The measurement trap: Average satisfaction scores across resolved queries will look good when you route only the easy work to AI. This isn’t fraud — it’s incomplete measurement. The right metric is quality across the full distribution, including queries that escalate or never resolve. If you’re evaluating an AI service rollout, demand the hard distribution, not the headline average.

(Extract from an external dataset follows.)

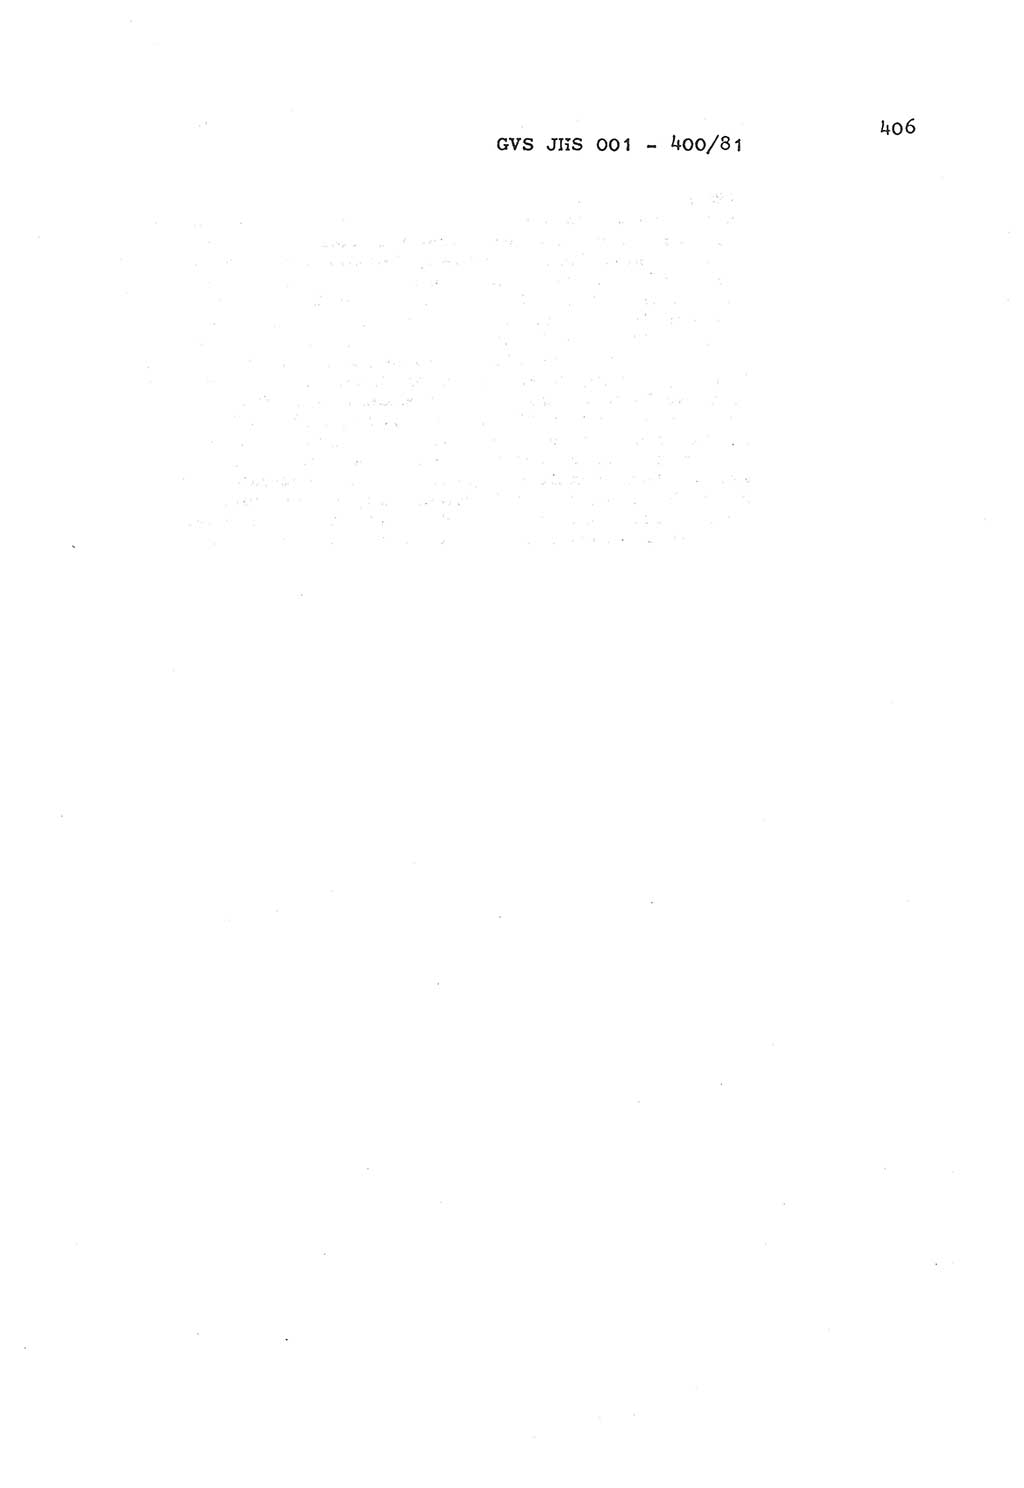 Wörterbuch der politisch-operativen Arbeit, Ministerium für Staatssicherheit (MfS) [Deutsche Demokratische Republik (DDR)], Juristische Hochschule (JHS), Geheime Verschlußsache (GVS) o001-400/81, Potsdam 1985, Blatt 406 (Wb. pol.-op. Arb. MfS DDR JHS GVS o001-400/81 1985, Bl. 406)

We’ve seen this same pattern repeatedly in our own deployments: aggregate experience holds or even improves because AI crushes the simple 80%, but the hard tail — complex, emotional, or high-stakes queries — drives disproportionate churn and brand damage that averaged metrics completely mask until it’s too late.

The Honest Read

Siemiatkowski’s February 2025 quote — “I am of the opinion that AI can already do all of the jobs that we, as humans, do” — aged about three months before his own company walked it back in practice. By October 2025, he was saying “I think there is a massive shift coming to knowledge work,” which is a more defensible and more accurate claim.

The shift is real. The timeline is not linear. And the durable equilibrium is not full replacement — it’s AI handling volume that humans shouldn’t be spending time on, with humans handling situations where being wrong has real consequences.

The lesson isn’t that AI fails at customer service — it’s that removing the human fallback is a quality trade-off most organisations underestimate. The winning model isn’t AI-first or human-first. It’s AI for scale, with a deliberately preserved human layer for the irreducible edge cases.